Recently a friend of mine has been obsessed over lottery. He found a dataset of past lottery winning combinations and somehow thinks he can find the logic behind these combinations.

While I don’t share his wild and bold imagination, I think it is great to show just how unpractical it is people betting for lottery. Therefore, I obtained the 4D result dataset from Sports Toto Malaysia Sdn Bhd. It contains 25 years of data from 1992 up to 2017. It records every combination that was picked in each draw, including the first prize, second prize, third prize, 10 special prizes and 10 consolation prizes.

As we can see in the dashboard, some combinations tend to appear more times than others. Is it by coincidence? Or is there actually some logic behind this?

Let's break it down one by one.


From the TreeMap chart, we see the combination 4267 does appear more times than most of the combination pool, with a total appearance of 26 times. Strange. Toggling the Frequency filter control below the TreeMap to show combination with lower frequency, we will see that most combinations only have a low to average frequency. Is 4267 really a favored number? Are we actually onto something?

Now looking at the Bar Chart, let’s toggle the Year filter control to reveal highest frequency in recent 5 years. It shows that from 2012, the combination 4267 appeared 8 times. And notably, it appeared 6 times in year 2014 alone. Rigged, you say? Perhaps. Now, we toggle the filter control again to find out the most frequent combinations in year 2017. What do we see? Or rather, what do we not see? Because now, 4267 is not in the bar chart anymore!

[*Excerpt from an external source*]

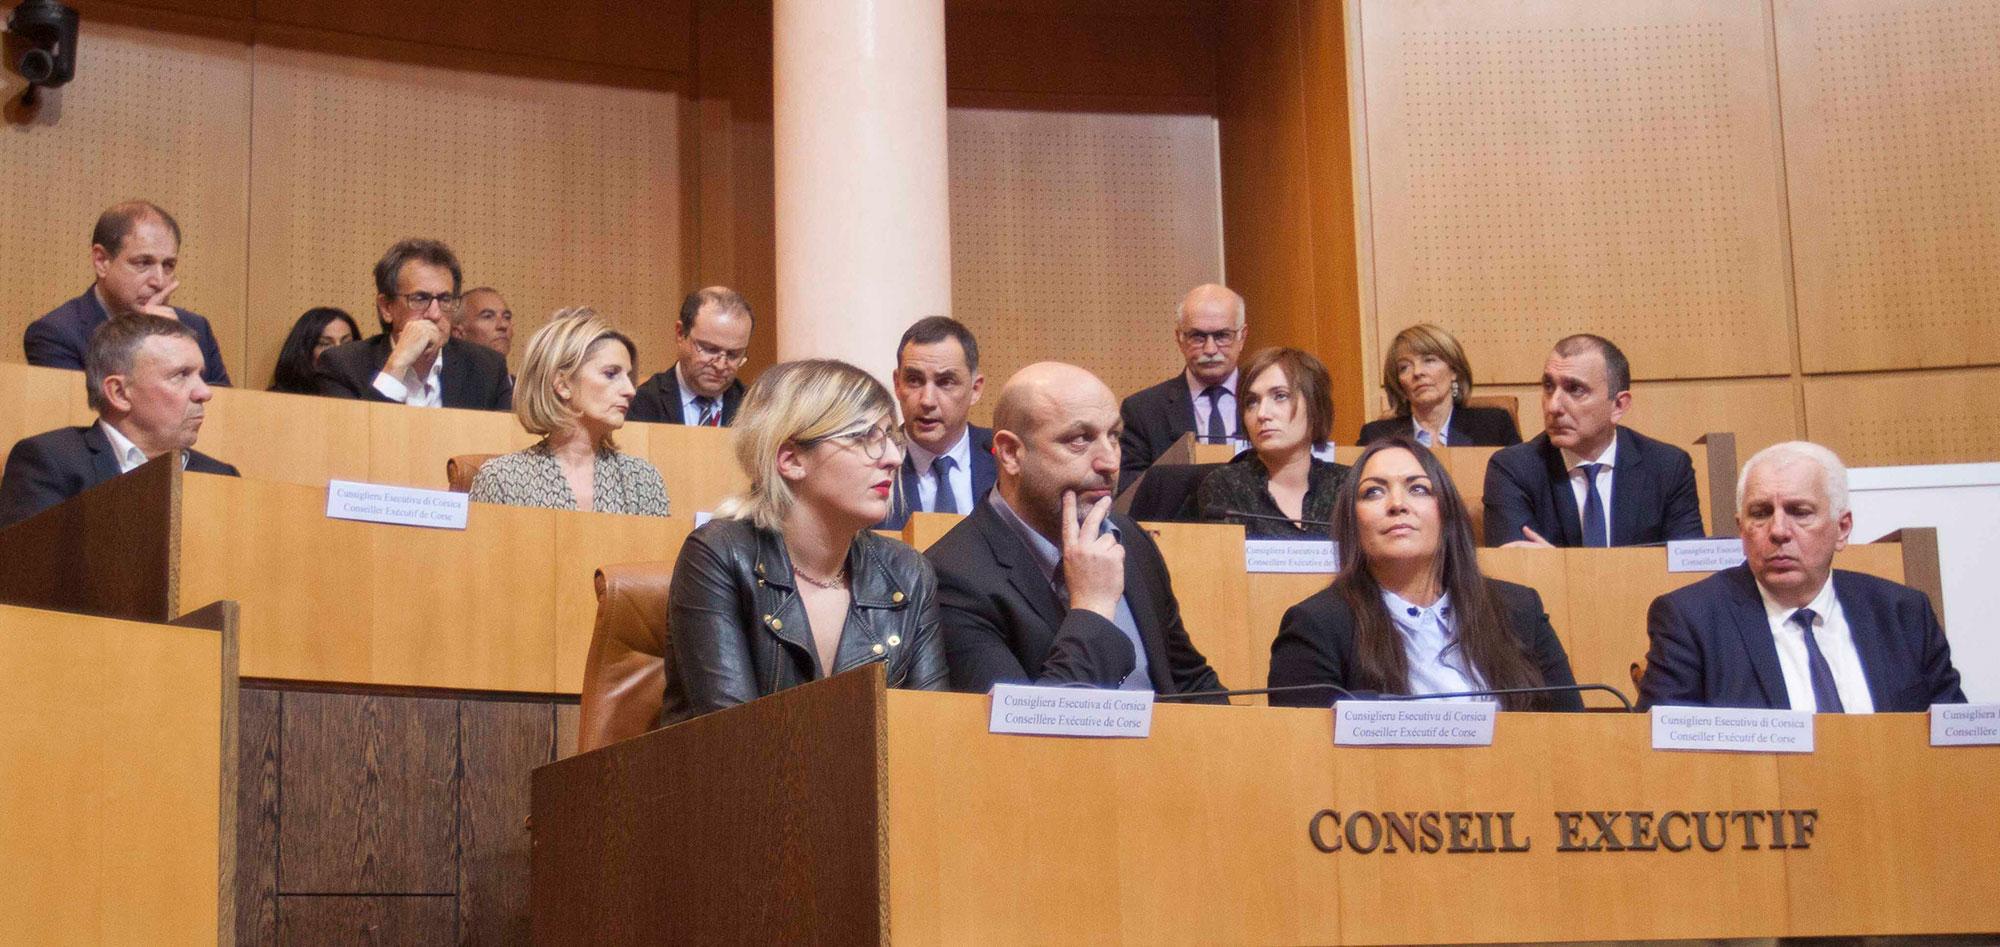 Gilles Simeoni hè elettu Presidente di u Cunsigliu esecutivu di Corsica

You don’t believe me? Let’s toggle the Top X Frequency filter control at the right. Moving the slider to the right gives us more bars in the chart. Let’s move it to the right, and see if 4267 is hiding in the back. Do you see it? Because I certainly don’t.

Maybe this is because of the fact that it is now only August 2017 and 4267 might still come back in the next several months. Well, if you think so, let’s move on to the Highlight Table.

This table shows the distribution of every combination in an organized tabular format. Darker color indicates higher frequency. Note that, this table can be filtered using the same filter control as the TreeMap chart. Do you see any pattern? No? Perhaps you need to toggle the frequency filter for a bit to include combinations with lower frequency. Does it look like they follow some kind of pattern? Does a group of frequent combinations cluster together? Because to me, the distribution looks quite even. There is no tendency for certain combinations to appear in a specific cluster or group.


As a conclusion, I even calculated the probability to win in a Sports Toto 4D lottery. There is a total of 10000 possible combination in each draw, and there are only 23 winning combinations. If you bet using any random number in any draw, the probability that you can win any of the prizes, is only 0.23%, which is less than one (1) percent!  

So, why do you even try?

Disclaimer: This project is strictly educational. The results obtained and examples used in this project should not be accountable for your own behavior. We do not encourage the behavior of gambling and therefore will not be responsible of your own action.